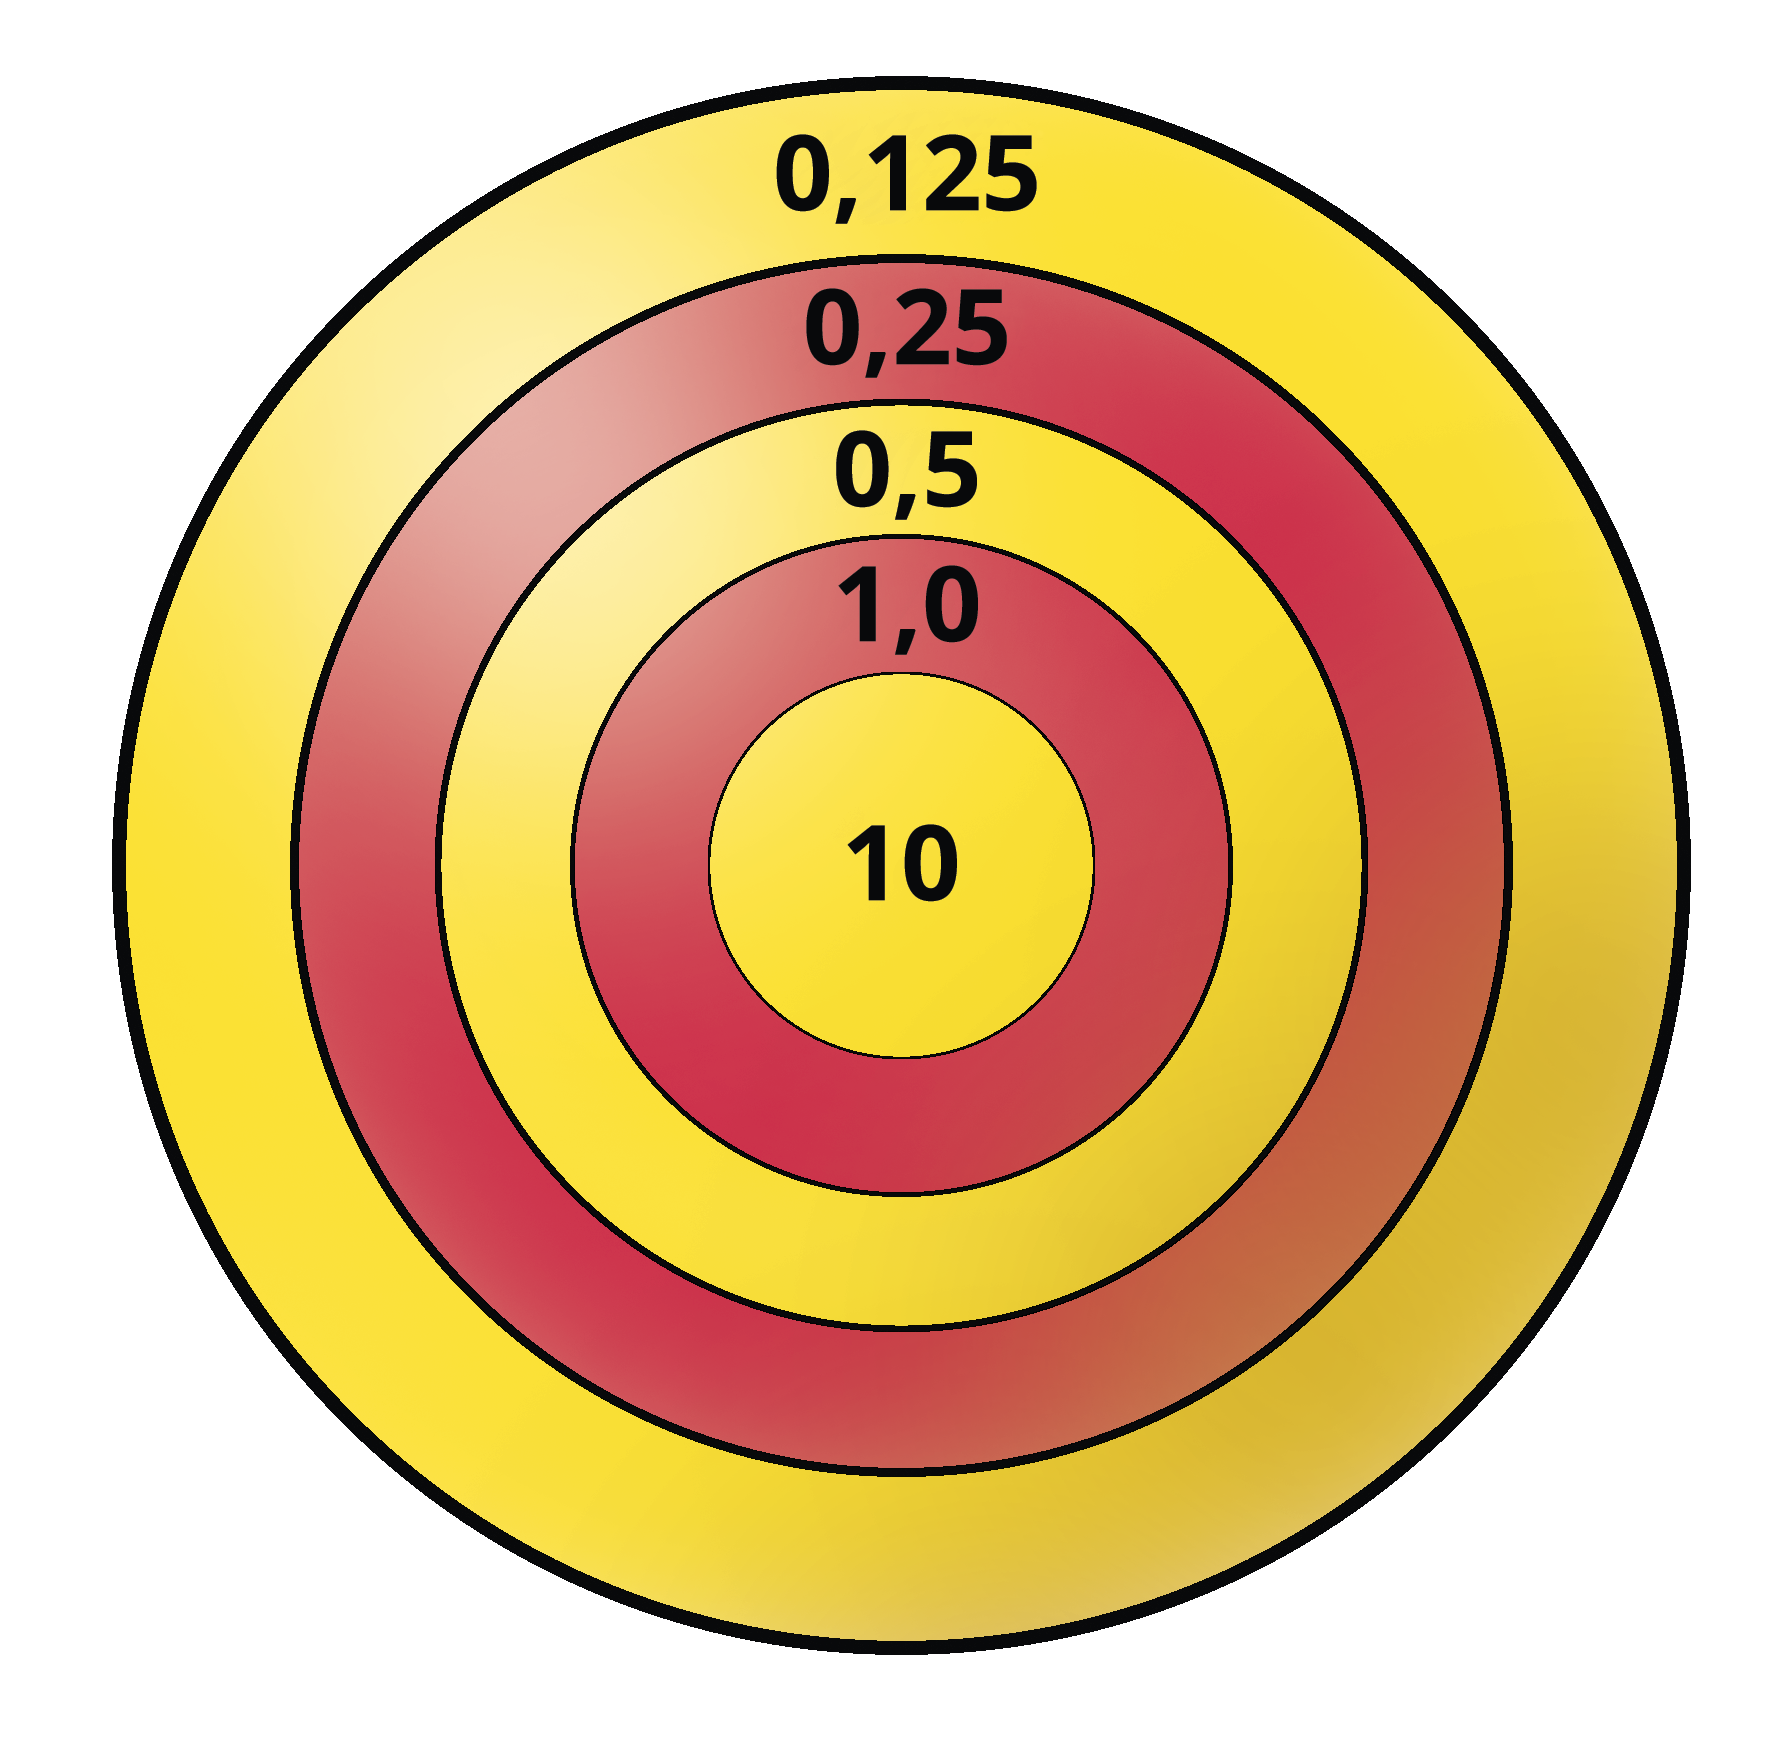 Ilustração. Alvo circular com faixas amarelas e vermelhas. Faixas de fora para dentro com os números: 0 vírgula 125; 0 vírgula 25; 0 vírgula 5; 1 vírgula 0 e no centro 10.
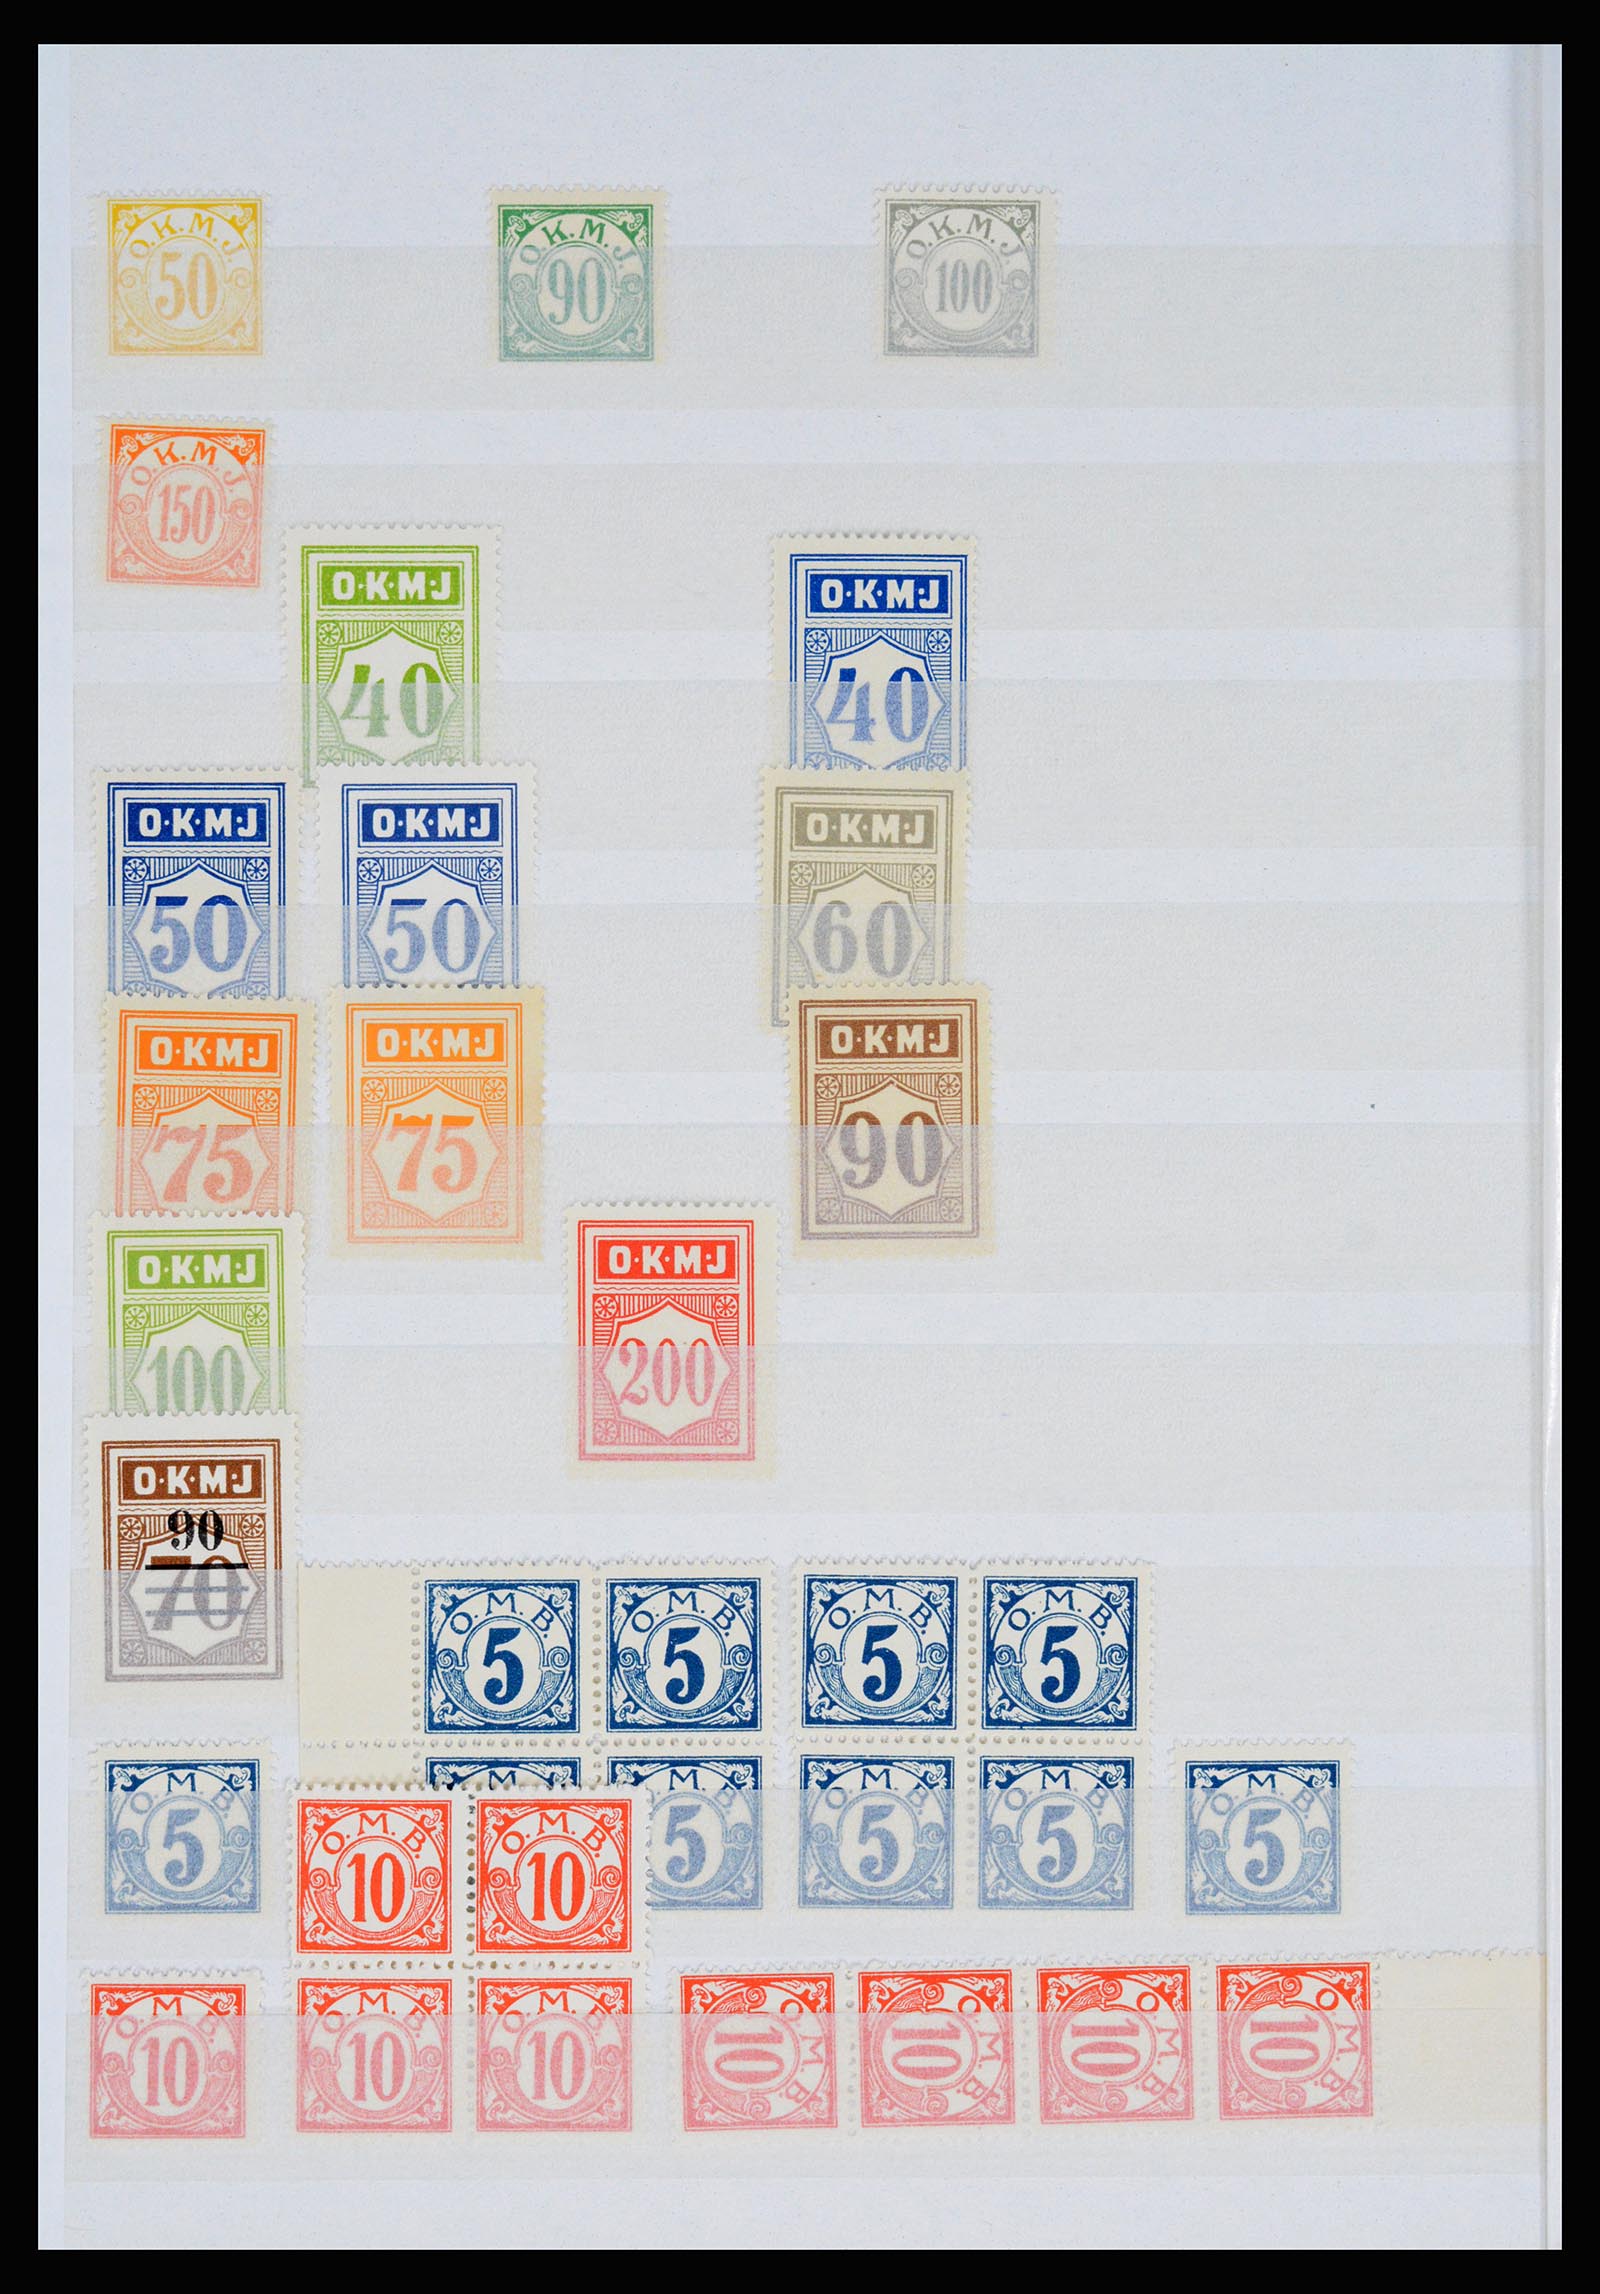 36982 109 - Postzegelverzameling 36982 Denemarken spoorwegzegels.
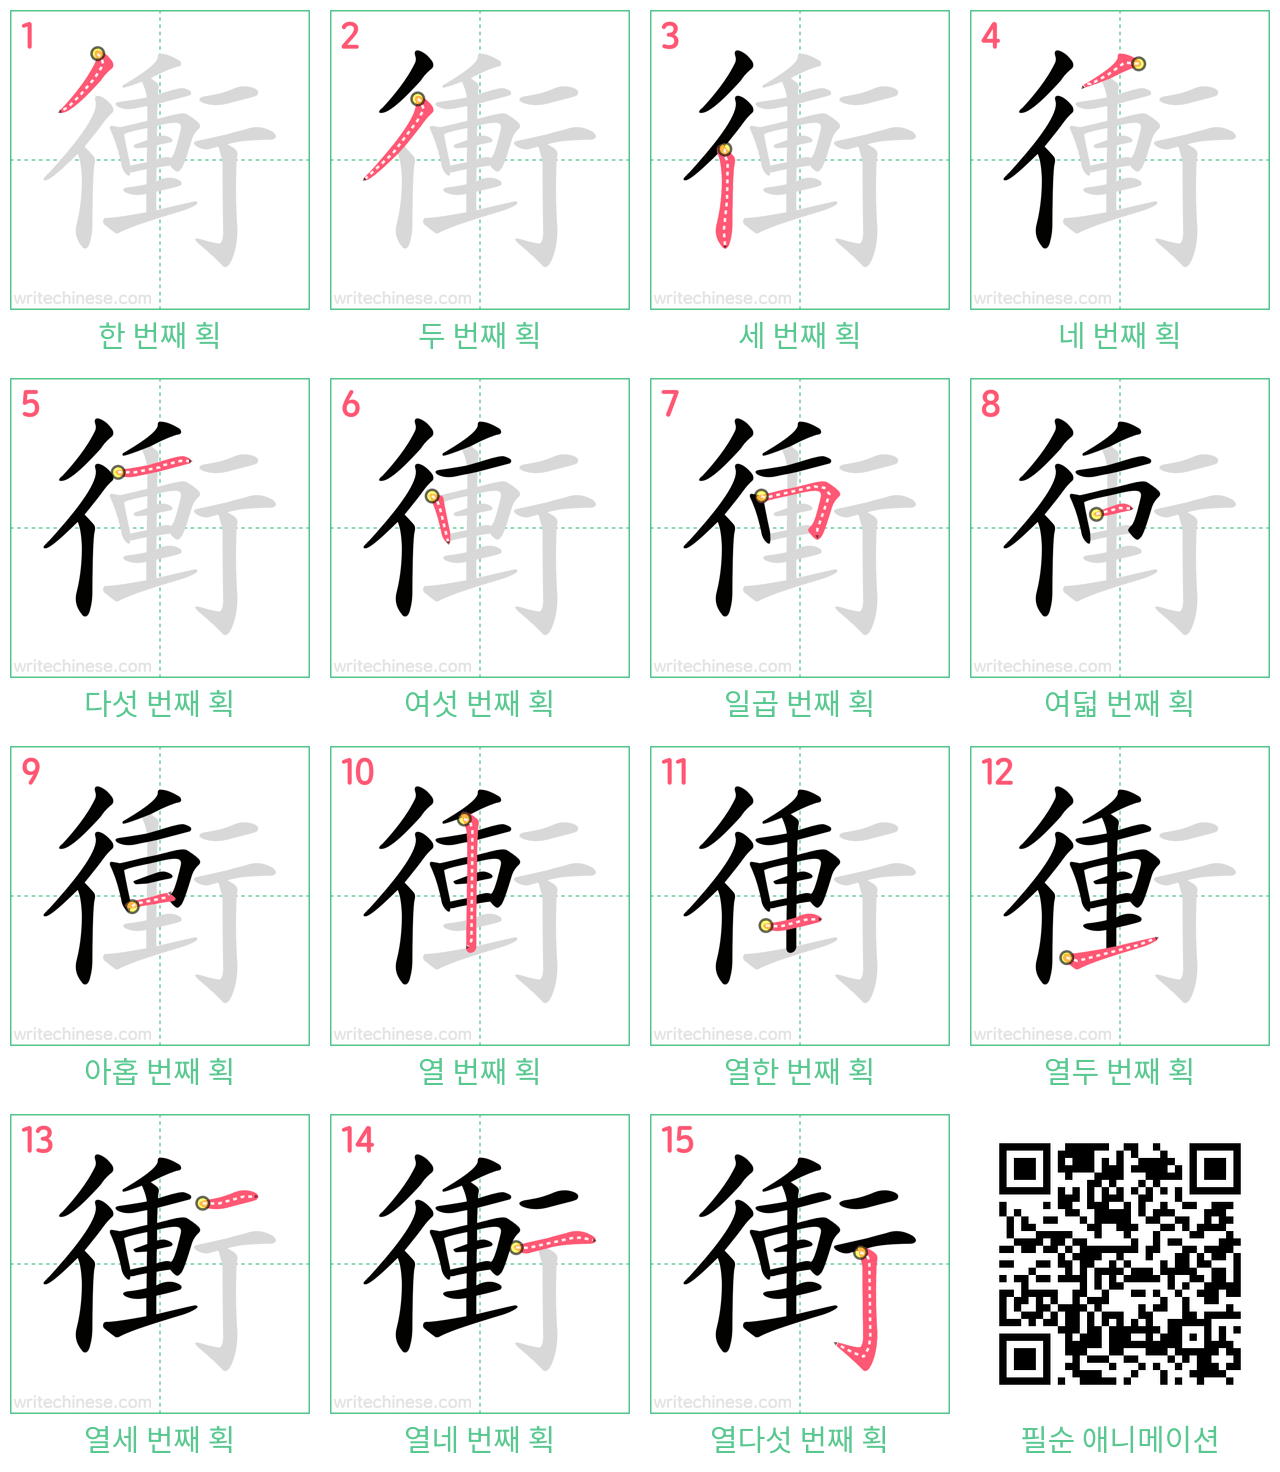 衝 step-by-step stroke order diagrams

EXERCISE REQUIREMENTS: Since the pictures are not wanted, repeat only the rest of the material, exactly as given.

EXPECTED ANSWER:
 Ilustração. Alvo circular com faixas amarelas e vermelhas. Faixas de fora para dentro com os números: 0 vírgula 125; 0 vírgula 25; 0 vírgula 5; 1 vírgula 0 e no centro 10.
 36982 109 - Postzegelverzameling 36982 Denemarken spoorwegzegels.
 衝 step-by-step stroke order diagrams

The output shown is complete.